Q&A / 

How To Install a Trench Drain

DEAR TIM: I've got a severe erosion problem where storm water runs off my driveway. The water is creating an ugly ditch. What's a great way to collect this water and stop the erosion. Whatever I do it needs to withstand the weight of a car or light truck as it's possible that tires could drive over this area. What's to stop the erosion from happening further away from the current location? Nina N., Cary, NC

DEAR NINA: I've solved problems like yours at customers' houses and even my own home. I'll never forget the first trench drain I created about thirty-five years ago at the second home I owned. I formed and poured the actual drain using concrete. I obtained the top cast-steel grates from a metal salvage yard. Fortunately there are modern plastic and composite products that allow you to install a trench drain in hours, not days like it took me!

This trench drain will collect water that’s rushing off the driveway. More concrete needs to be added between the drain body and the wood form. Photo Credit: Tim Carter

This trench drain will collect water that’s rushing off the driveway. More concrete needs to be added between the drain body and the wood form. Photo Credit: Tim Carter

My college geology degree helps shed an interesting perspective on the overland flow of water. That's what's happening in your yard. I feel you need to really understand the mechanics of the water moving so you can permanently fix your problem. Currently, you're on track to make your own miniature Grand Canyon!

When it rains hard, the water flowing on hard surfaces like driveways, patios and sidewalks can't soak into the soil. As more water falls and moves across the hard pavements, it accumulates more potential energy.

Remember when you were in your high school or college physics class and the teacher put that really easy formula up on the blackboard (yes, we used to have black chalkboards!)? It was Force = mass X acceleration.

Translated to English, this means that the water's ability to erode gets greater as more water crosses your driveway faster. If you have a steep driveway and it's really raining hard, the force of the water leaving the driveway might be able to move rocks as big as basketballs. I recently watched a video of flash flood water out west moving a boulder the size of a small car down a pretty flat stream!

The first thing you need to study is where the water leaves the driveway. Does the water flow evenly across the entire driveway as it hits the soil, or does it get concentrated, because of the shape of the driveway, to a small area near the driveway?

If the water flows across the driveway pretty evenly, then you'll want to put in a trench drain. These are long drains that may be 4, 6 or even 12 inches wide at the top and can be as long as 10, 20 or even 30 feet! They work the same way a gutter collects water at the bottom of a roof.

If the water from your driveway is heavily concentrated to one location, you may need to install a larger rectangular or square area or field drain. These can be round, square or rectangular. You can find them as small as 1 by 1 foot, and as large as 18 inches by 30 inches or so. You size the drain to handle the flow of water in the worst storm event.

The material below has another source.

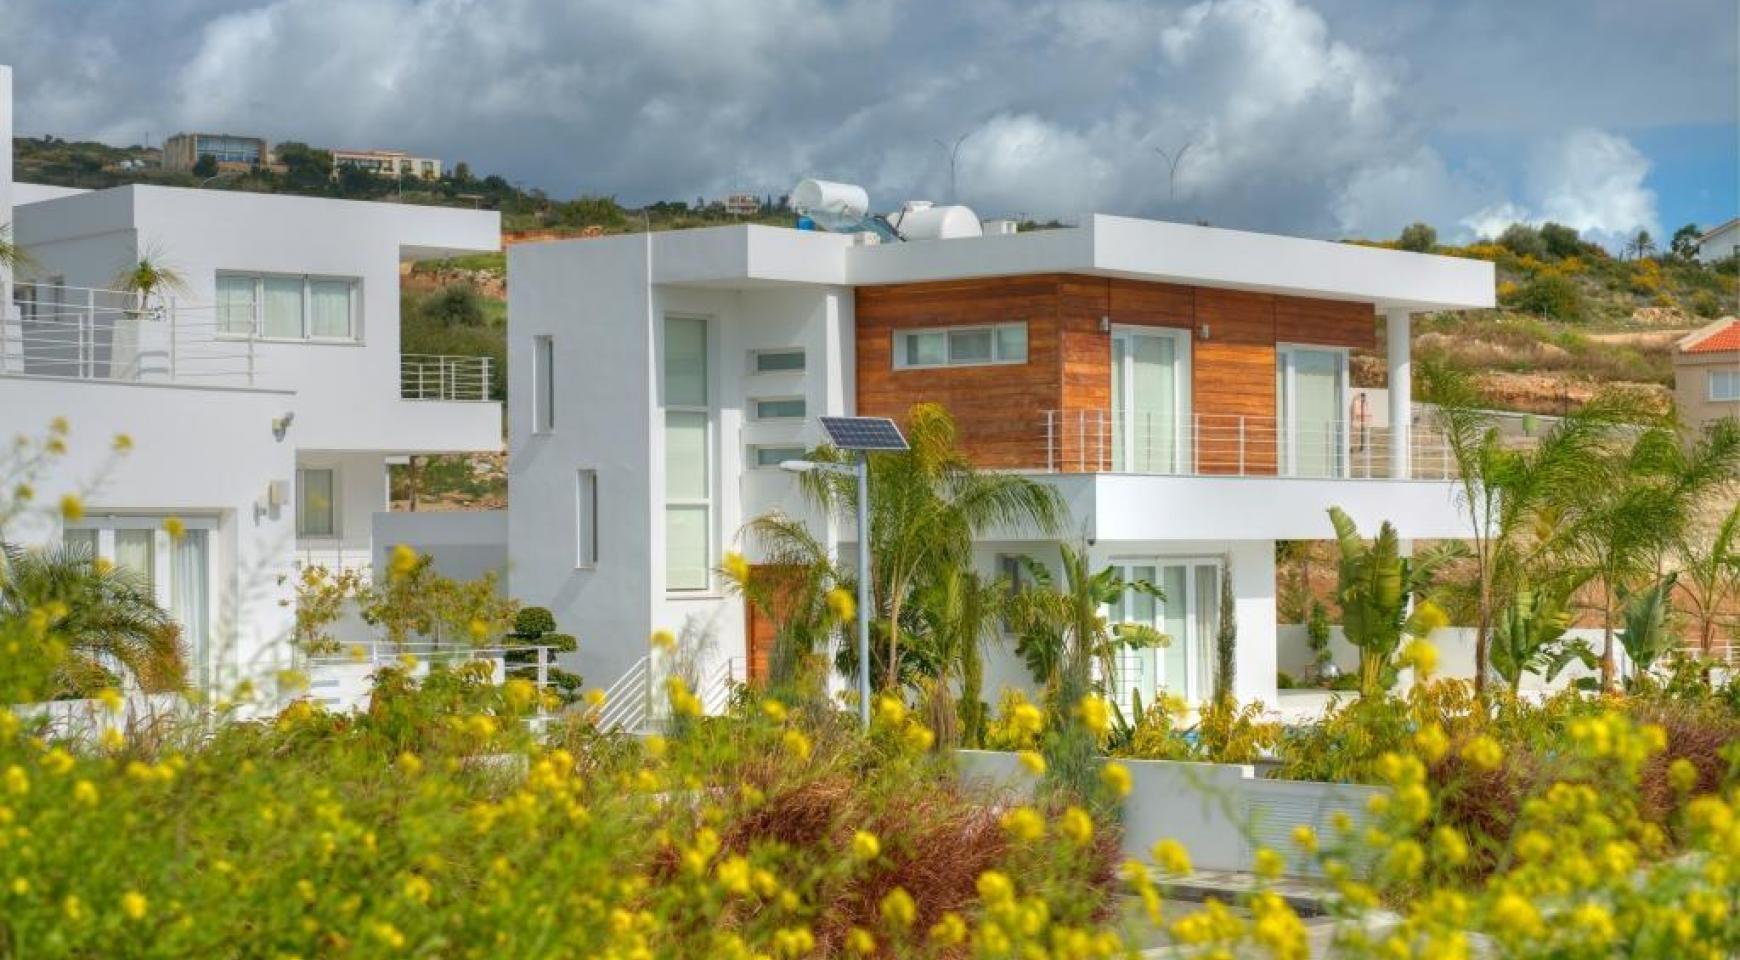 4-Спальная Вилла с Видом на Море в Районе Agios Tychonas - 7
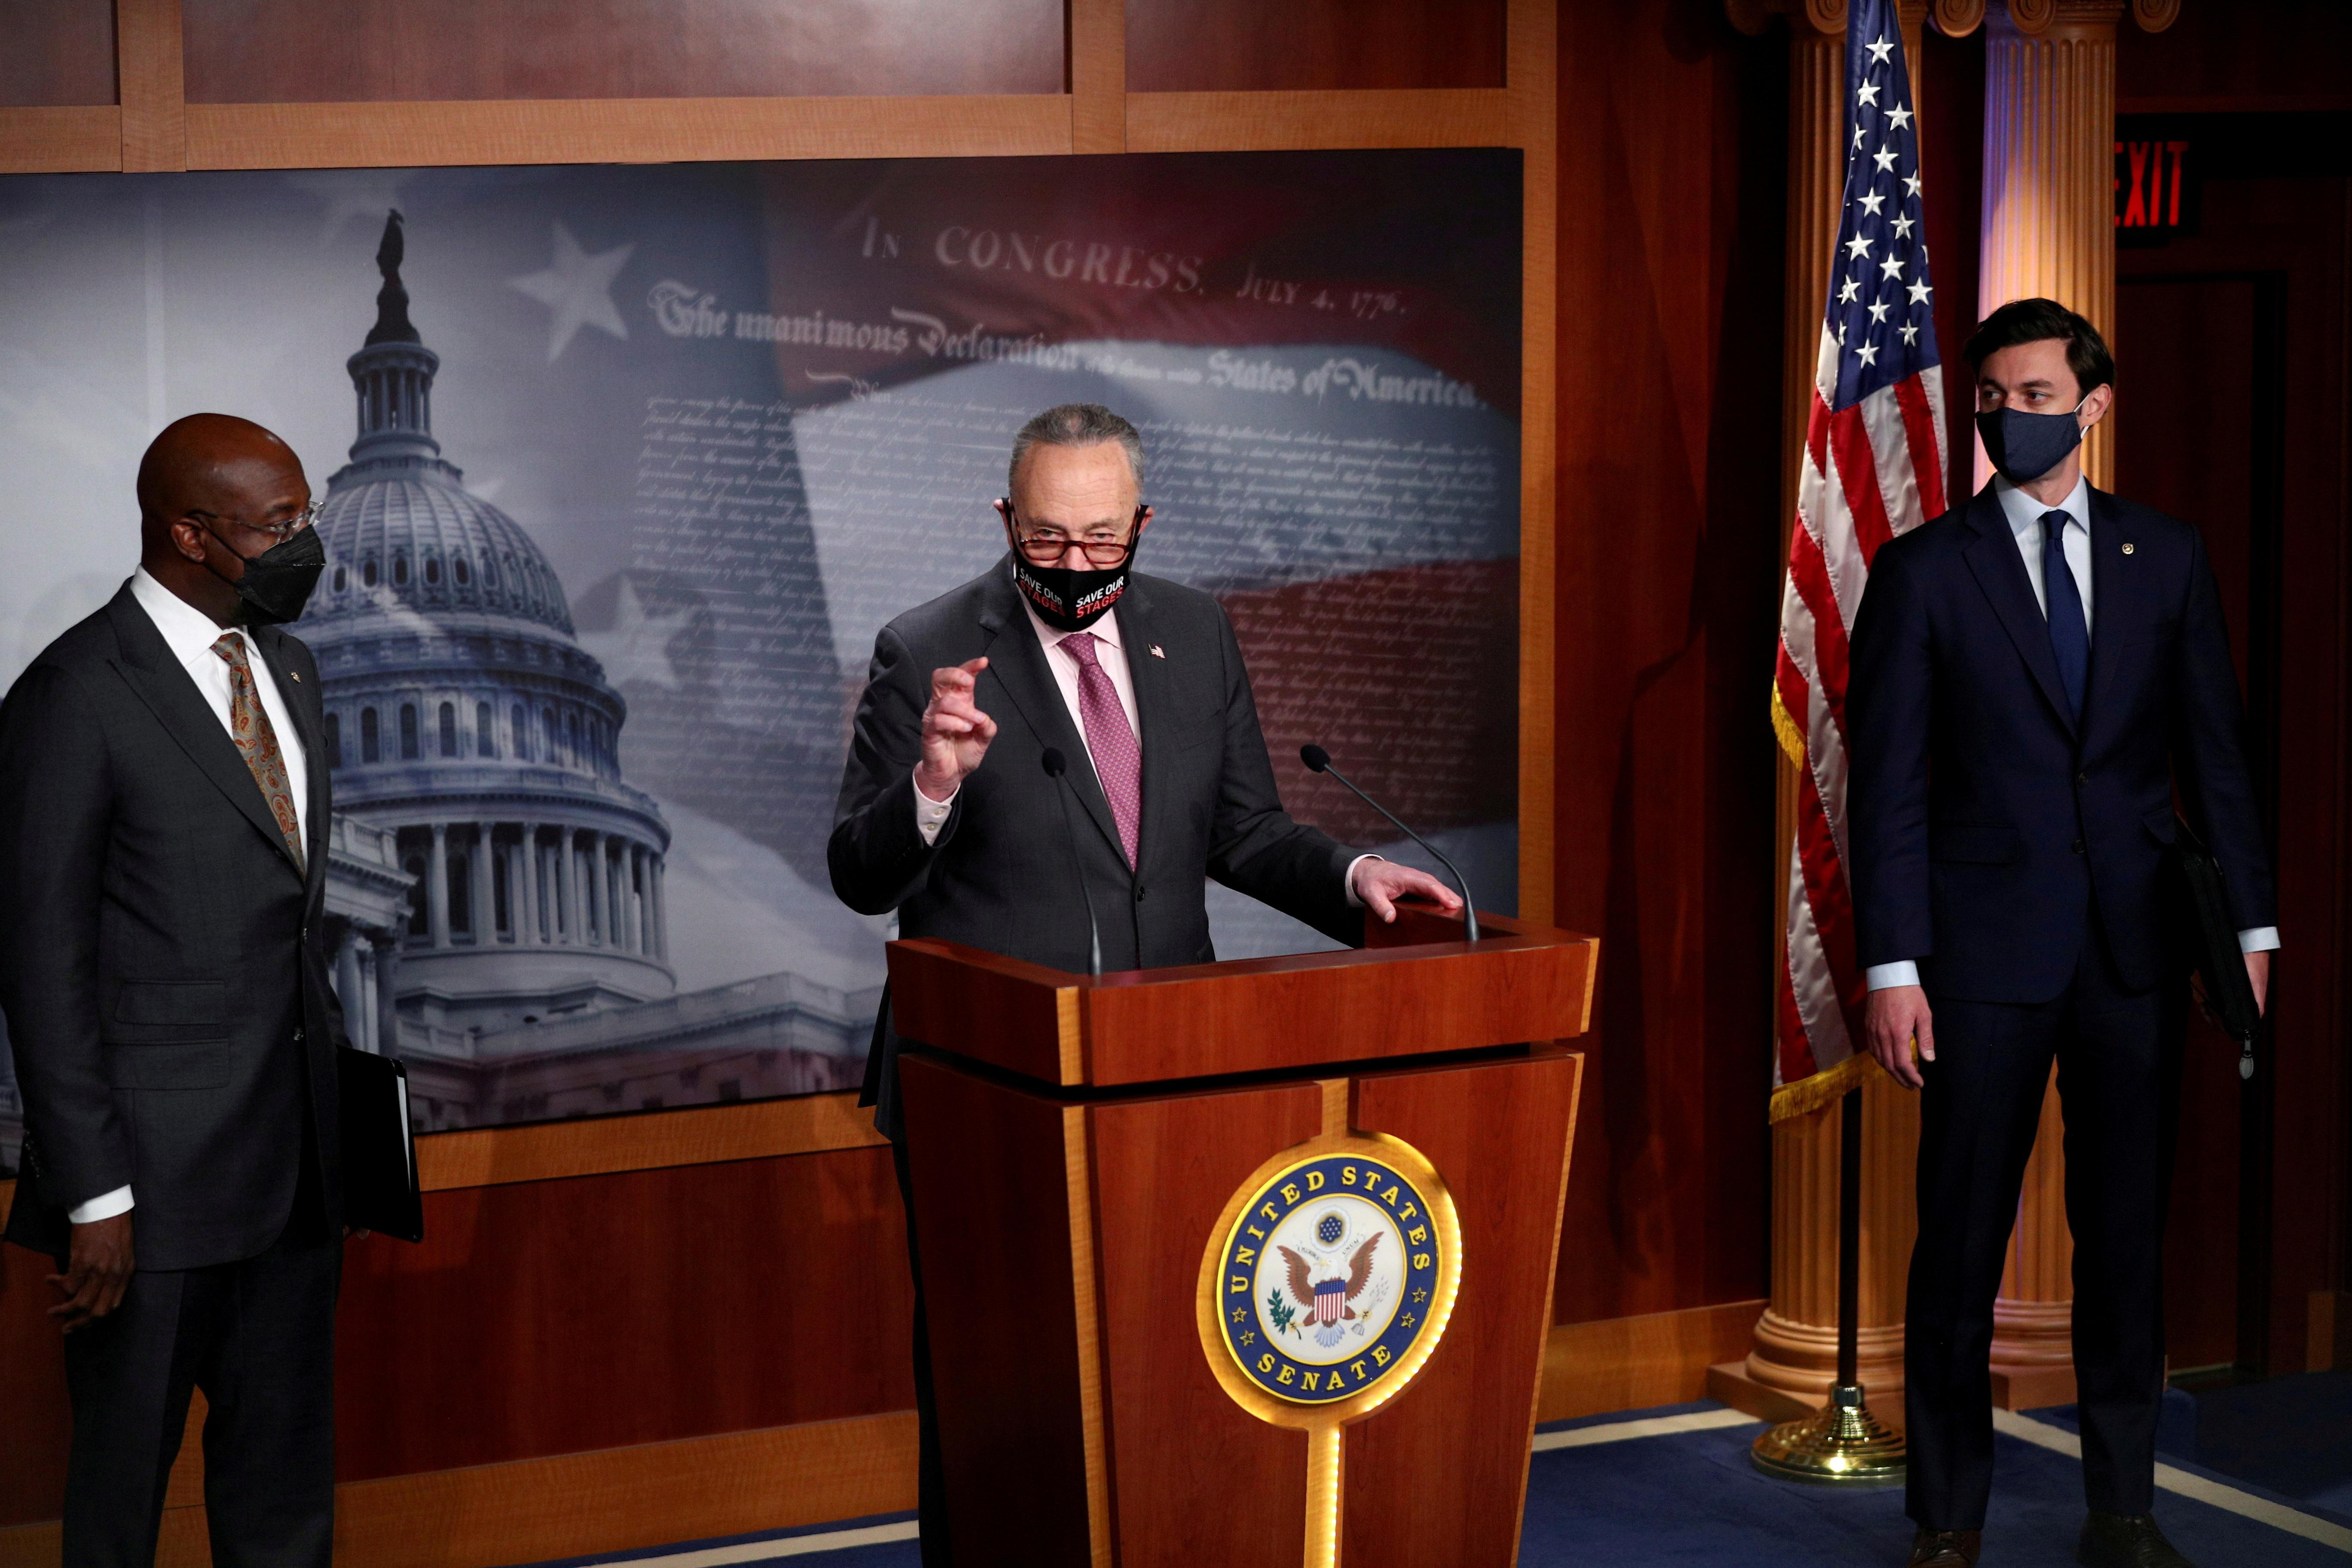 Senate Majority Leader Chuck Schumer (D-NY) delivers remarks beside Senators Jon Ossoff and Raphael Warnock (D-GA) on COVID-19 relief, amid the coronavirus disease (COVID-19) outbreak, on Capitol Hill in Washington, U.S., February 11, 2021. REUTERS/Tom Brenner/File Photo

I recently installed a unique trench drain at my own home that was made from a cast polymer material. It has a strong steel grate that will take auto and light truck traffic. The top of the drain is only 5 inches across and each section of the drain is about 3-feet long. You can connect as many lengths of this drain together as you want. The system comes with end caps and outlets to fit standard-sized plastic drain pipes.

If you plan to have traffic drive over your drain, you really should install the drain on a poured concrete base. I dug a hole for my drain and made sure I had 4 inches of concrete under my drain. I placed my drain assembly in the fresh concrete so there were no voids under the drain. I then surrounded the drain with 4 inches of concrete to lock it into place. You can put more concrete around the sides if you feel it needs it.

I made sure the drain was about 1 inch lower than the outer edges of the concrete so the water would flow down into the trench drain. You don't want to make the concrete level because then the water may decide to not flow into the drain. Be sure that you have the drain low enough to capture the water.

When the water exits the trench drain through the pipe that connects to the trench drain, it will have MORE force than the water entering the drain. The trench drain and the pipe concentrate the water. Many people overlook this.

To prevent erosion where the drain pipe ends, you need to create an area of large rocks that will absorb the energy of the water and disperse this energy. As the water splashes against the rocks as it exits the pipe, the rocks act like shock absorbers.

This rock area doesn't have to look like an ugly gravel pit. Use some imagination and obtain some larger decorative rocks to create a nice hardscape feature in your yard. Keep in mind you want the rocks in this area to be different sizes and shapes so the water energy is spread out. This allows the water to get into the top soil and soak naturally back into the ground like it used to before your home and driveway existed.